EU banks are leaving out details regarding the specific ESG risks they face when reporting their overall risk exposure, the Spanish national central bank (BDE) has said.
Such disclosures are made annually under the EU’s banking supervisory framework and determine the minimum statutory capital buffers that banks will need to keep to offset potential risks and losses. Under the rules, banks are required to disclose information relating to their risks, capital adequacy, and policies for managing those risks.
But a BDE study of reports filed between 2019 and 2020 found that that EU banks only “tend to give generic references to ESG concepts”. According to the supervisor, the most commonly reported risks related to climate change and the environment – at just under 40% of banks in 2020.
However, less than 20% of reporting banks provided details on the underlying transition and physical risks of climate change, while only around 10% reported social and governance risks. BDE noted that it had removed the majority of governance risk reporting from the figure, as banks had had largely reported on their own governance, when they should have focused on the governance risks of clients and other balance sheet assets.
BDE also found that less than 20% of banks referenced the EU green taxonomy and ESG ratings which apply to their portfolio activities.
The supervisor examined the disclosures of 106 large EU banks over two consecutive years as part of the study.
EU banks have not been explicitly required to report ESG risks in the past but they will soon be required to disclose a broad range of metrics under incoming rules announced last year. From June 2022 onwards, banks will be required to disclose the extent of their alignment with the green taxonomy, financed carbon emissions, exposure to “fossil fuel companies excluded from sustainable climate benchmarks” and progress towards net zero goals, among others.
It comes as the EU prudential regulator, the European Central Bank (ECB), warned banks that it would consider climate and environmental risks when determining bank capital requirements from this year onwards.
“2022 will be the year that C&E risks become integrated in the day-to-day activities of our joint supervisory teams, who are in constant contact with banks. These risks will come to form an integral part of our ongoing dialogue with supervised entities and the supervisory review and evaluation process, the SREP,” said ECB supervisory board vice-chair Frank Elderson in a speech last month.
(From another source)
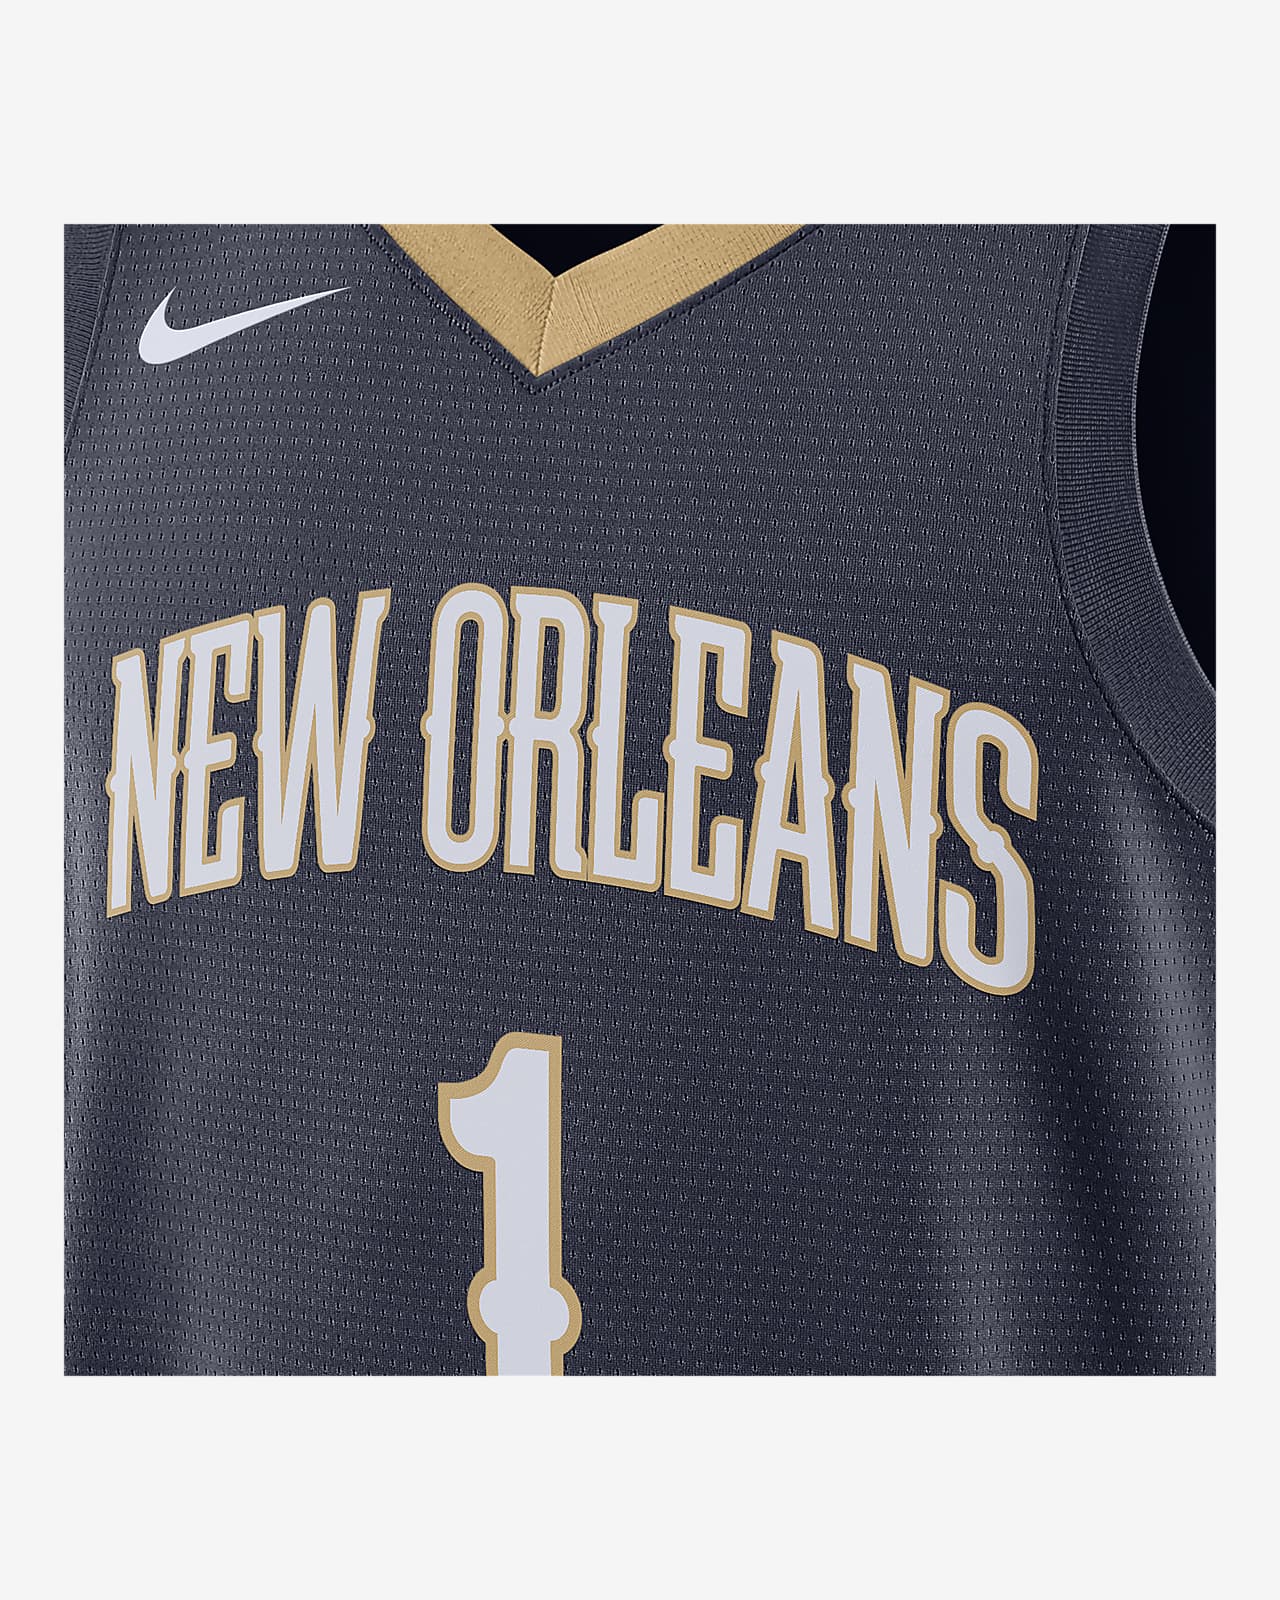 new orleans jerseys

“This will ultimately influence banks’ minimum capital requirements,” he concluded.
While the EU’s existing legislative framework for capital requirements – as set out by the Capital Requirements Directive and Regulation – does not have specific provisions for climate risks, its focus on materiality means that climate and environment issues should be considered “taking into account the specificities of the respective business model, operating environment and risk profile”, according to ECB guidance released in 2020.
Within the medium term, the EU hope to establish a bloc wide position on the use of differentiated regulatory treatments for assets based on climate-risk – for example, by reducing the capital requirements for green assets or increasing requirements for polluting assets. Although the approach has been around for some time, it has proven to be controversial among regulators and has not been put into practice.
The European Banking Agency is due to deliver a research brief on the topic to the EU Commission in 2023.